Wednesday, September 21, 2011

Next Year's Tomatoes

My friend Sharon's grandfather created his own heirloom tomato, and her family has been saving the seeds for many years to keep them going.  I was lucky enough to receive a beautiful tomato and told how to save the seeds for next year.
Sharon's method was simple.  She said to scoop out the seeds and put them on a paper towel to let them dry for a few days. Then seal them in an air-tight container and store in a cool, dry place until you're ready to plant.  Dave's Garden outlines a similar process.

I had to complicate matters by Googling "saving tomato seeds" and reading all about fermenting the tomato seeds first, which isn't necessary, but helps to sort out the bad seeds, and is "good etiquette" if you're planning to trade seeds.  I like the idea of simple, but the fermentation process intrigued me, and didn't seem like much more work. 

1) I took my very ripe tomato and scooped out the seeds and put them in a jar with 1/4 cup of water.
2. After 3-5 days in a sealed jar, a film and some mold grew on top.
I skimmed the mold/film off the top, and then added some water and stirred.  The good seeds will supposedly sink to the bottom. I carefully poured out the water and bits of pulp, using the spoon to hold back the bunch of seeds.

3. I put the seeds on a paper plate to absorb some of the liquid and help them dry faster. 

4. I put them in an air-tight container (a Ziploc) and stored in a cool dry place (the basement). 

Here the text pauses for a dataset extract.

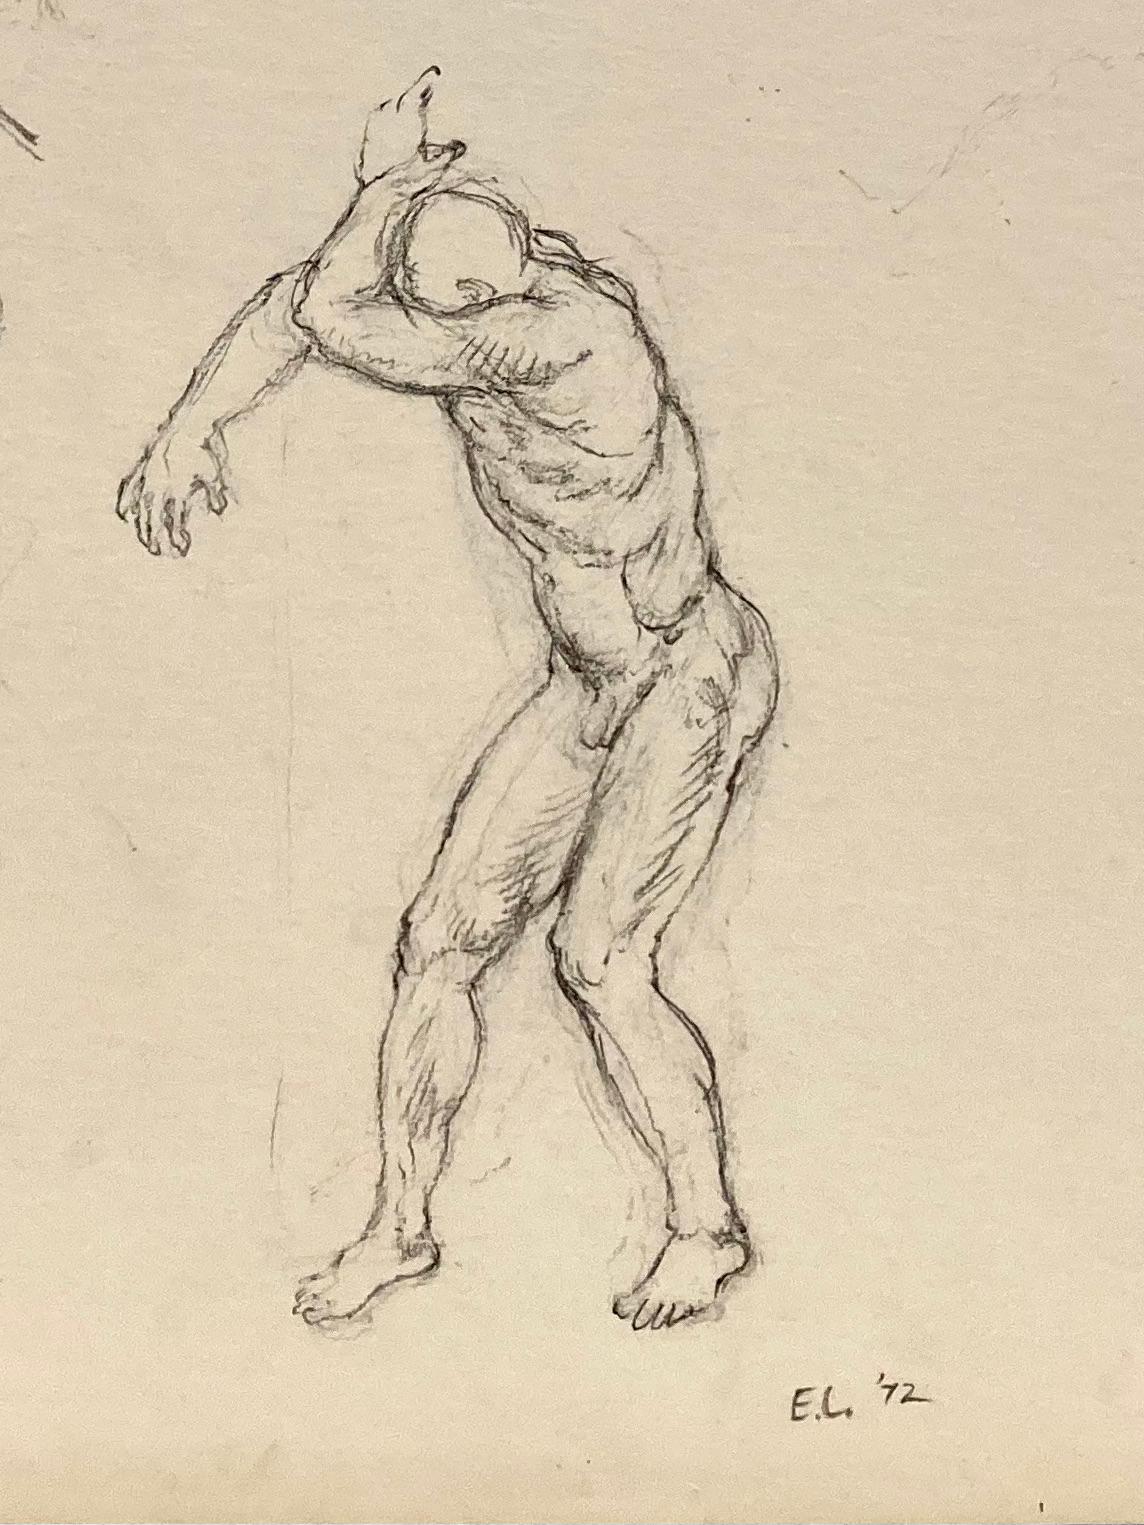 This pencil drawing by master draughtsman Edward Laning has religious over tones. Perhaps it's a study for a deposition. There are male figures, both nude and clothed, one on a ladder, and at the lower left a figure seems to be carrying something

I'm going to do this with one of our Brandywine tomatoes now that they're finally looking healthy and ripe,
and our Black Cherry tomatoes,
because we picked up the plant in Vermont and I didn't see that variety at any of our local gardening centers.  I know they look green here, but even at their ripest, there's still a little green on top.  They are delicious, and look so pretty in a salad with the Sun Gold and Sweet Cherry tomatoes.

Assuming that at least some of these seeds grow to be plants, we can invest in a few new varieties next year.  Do you have a favorite tomato that you've grown?  What else should we try?